I hear ya, sister. A few months ago I’d have nodded in agreement, and said, “Yep, too hard, too time-consuming, too expensive.” Now, however, having spent the past few months restoring nearly two dozen old paperback books from scans and turning them into ebooks, I know it’s NOT too hard, it IS time-consuming, and the cost can range from dollars per page (expensive) to FREE (DIY option).

(Another option is to retype the book, but quite frankly, folks, unless you are a super-typist with wrists of steel–which I most certainly am not–that is a daunting proposition.)

You know me. Somebody sez, “Can you do this?” and I reply, “How hard can it be?” Then I bumble and fumble around until I figure out how to do it. Then I come on here and am able to give you some tips that mean you can skip the bumbling and fumbling part. Unless you enjoy b&f. In that case, you can stop reading this post.

This is for the Do-It-Yourselfers.

SCANNING

Do a Google search for “scanning books” and the result will come up with thousands of services that will take your old books or manuscripts and turn them into pdf or doc files. Some services will scan the book without harming the binding, some will chop off the spine, destroying the book. Prices range from per-page costs to flat-rate. I haven’t used any of those services, so I can’t recommend any of them. You’ll have to do your own research.

You can also take your old books or manuscripts to a copy store such as Fed-Ex/Kinkos or a full-service office supply store such as Staples, and either do it yourself on their equipment or have them do it for you.

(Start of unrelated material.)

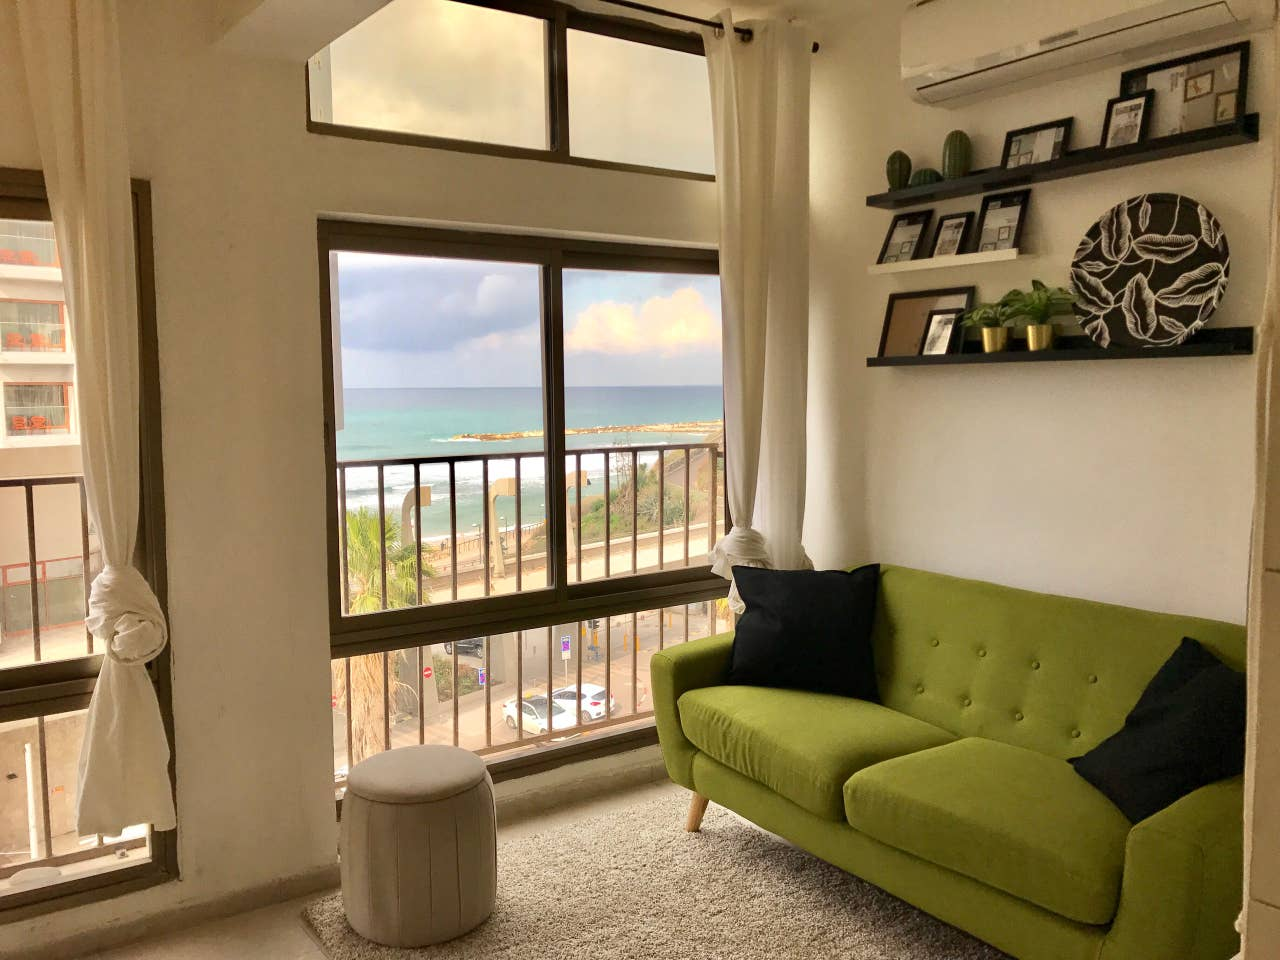 Apartment Sea View 2 bedroom Apartment Tel Aviv Hayarkon photo 28640918

If you happen to own a scanner, you can do it at home. This is the insane option because quite frankly most home scanners are ridiculous beasts that take their sweet time (I know this because I had to try it myself just to see and so scanned a nearly 300 page manuscript–easy on the hands, tough on the buttocks. It took hours!) If you are home-scanning actual pages from a paperback, you will have to play with the settings on your scanner because most are at their best scanning photos and that resolution is far too high to get good results. Best results are achieved if you copy the pages onto good quality 20# or 24# copy paper and then scan the copies.

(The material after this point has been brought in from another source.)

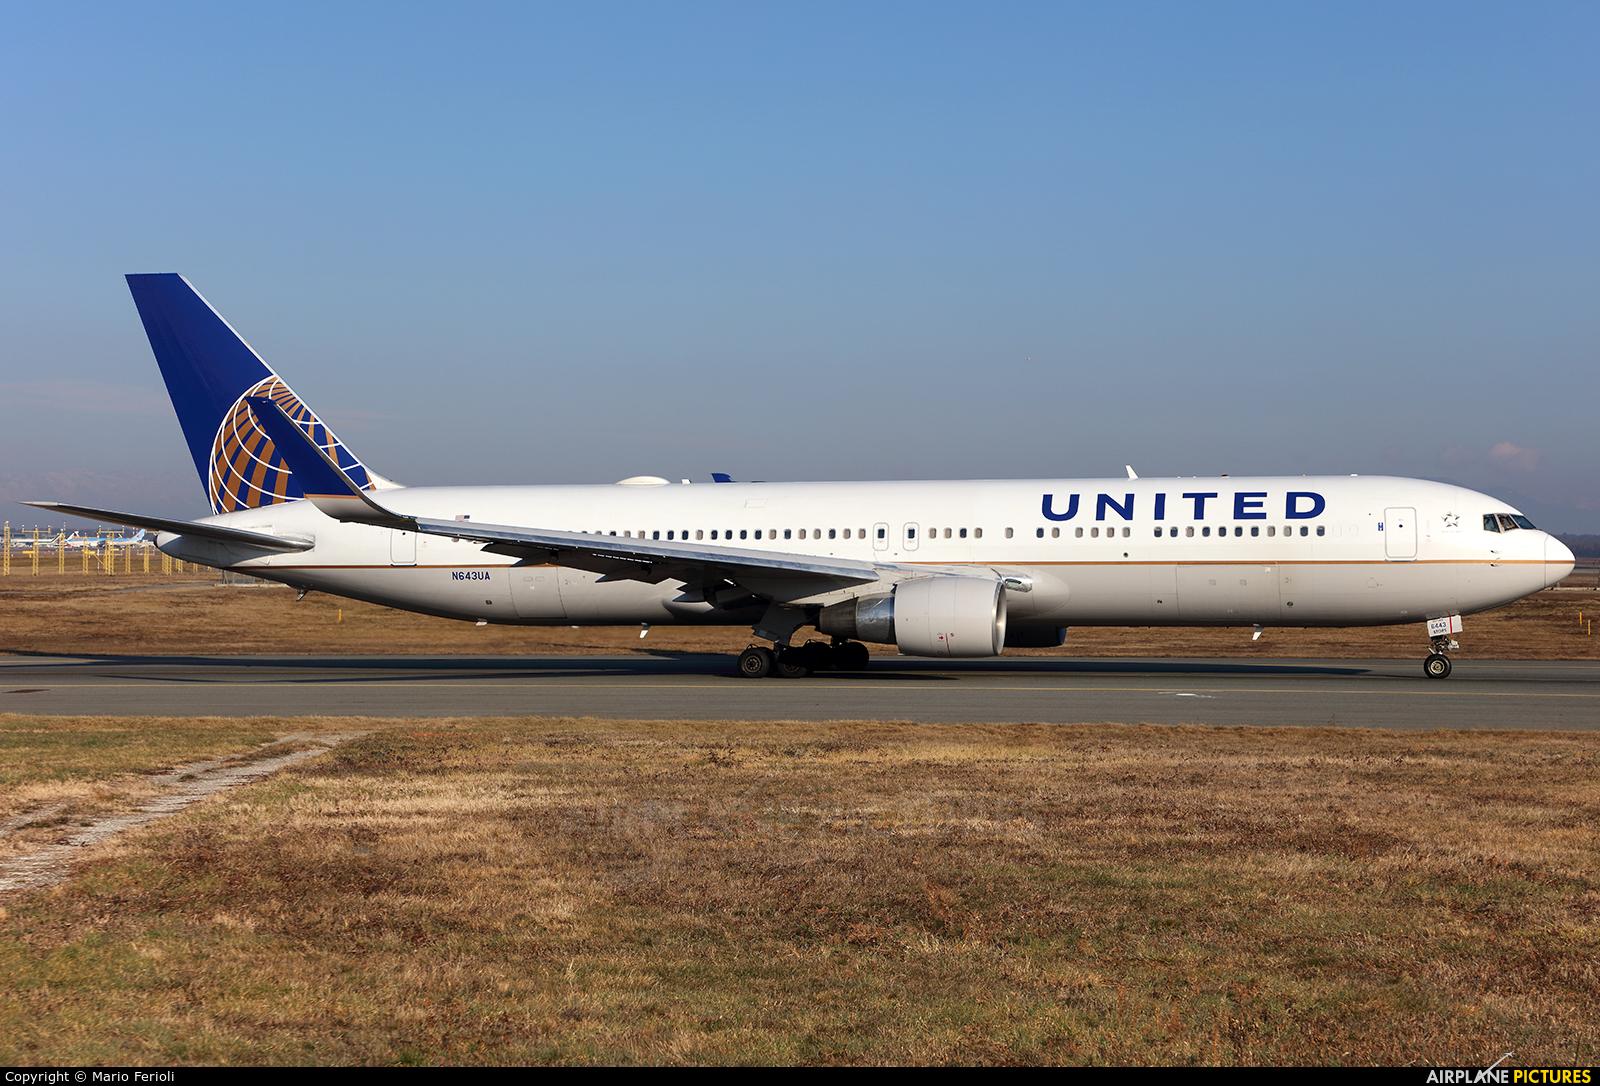 United Airlines N643UA aircraft at Milan - Malpensa

However you choose to have your book/manuscript scanned, my recommendation is to have the scanner turn it into a pdf file. There are services and programs that will do the OCR conversion during the scan and produce a .doc, .docx or .rtf file for you. On the surface, it looks like a bargain. I think it’s dangerous because: 1) the file you receive will be huge and bloated and junked up with tons of coding that can severely mess up your ebook: 2) it will not save you any work during clean-up and in some ways it makes clean-up more of a chore; 3) it could give you a false sense of security that your file is cleaner than it actually is and your ebook could end up like so many that are on my Kindle right now, full of formatting errors and gibberish.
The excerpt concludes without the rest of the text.